Domestic violence and abuse is just as big a problem in the countryside as it is in towns and cities according to Sally Morrissey, manager of Gloucestershire domestic abuse support service.

Those living in the countryside and suffering from domestic violence and abuse can find it difficult to gain access to services, especially if residing in a small village. Travelling to where support is available can be even more difficult, particularly where public transport is limited.

Typically small villages are very tight-knit communities and this can present challenges for victims. There is a lack of privacy as everybody tends to know everybody’s business. On top of this, if a person is well liked in the community then it becomes more difficult for accusations of domestic violence and abuse to be made against them.

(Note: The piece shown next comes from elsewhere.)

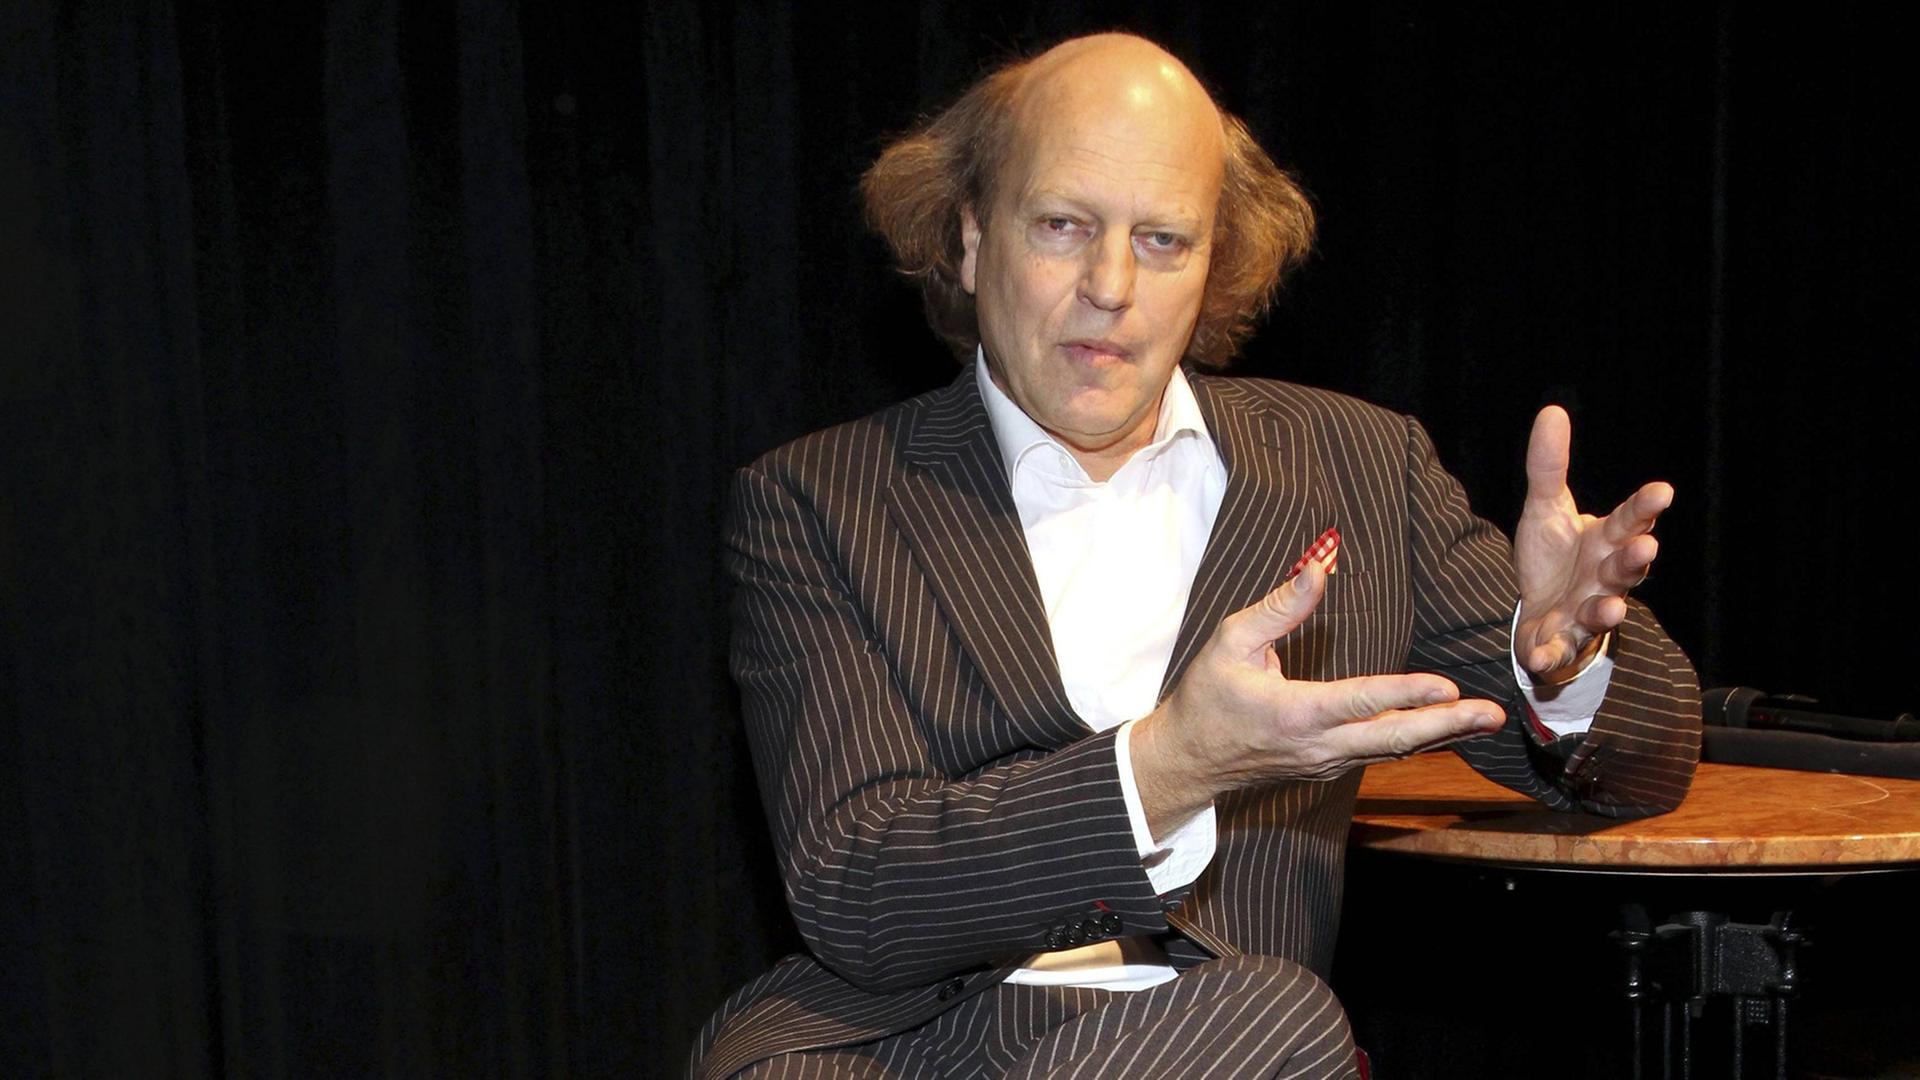 Der Kabarettist, Autor und Schauspieler Arnulf Rating auf einer Bühne sitzend.

It can also be difficult for domestic violence and abuse sufferers to move away from their abuser, even with the help of support services. Those who are being abused have often lived in their community throughout their lives and being forced to move away can cause further distress.

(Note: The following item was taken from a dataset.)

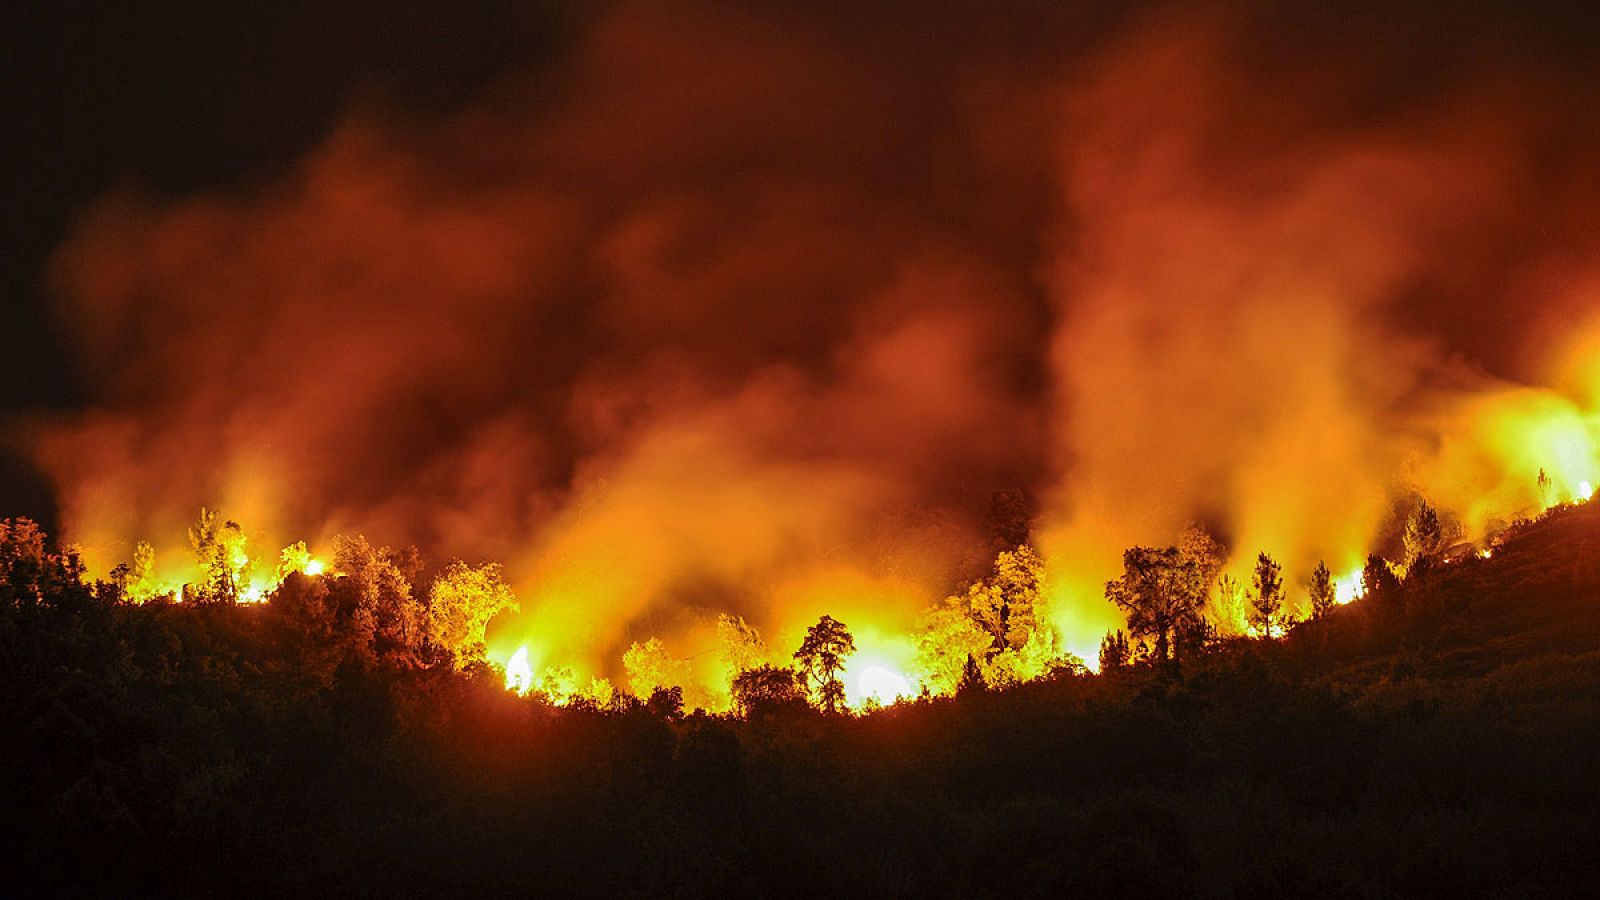 Vista del incendio forestal registrado en las afueras de la ciudad de Ourense

Despite this range of difficulties, Sally Morrissey has found that domestic abuse cases are reported just as often in the countryside as they are in the city. “1.5% of the population of Gloucester city refer to us. In little villages in the Cotswolds, such as Stow on the Wold or Borton on the Water, the same proportion of the population are referred into our service, 1.5%”.

Similarly to the inner city, Morrissey also works with male victims of domestic violence abuse although they are the minority. “About 5% of the client group are male victims of domestic abuse. It’s probably under reported but we are starting to make inroads into understanding the issues for male victims of domestic abuse”.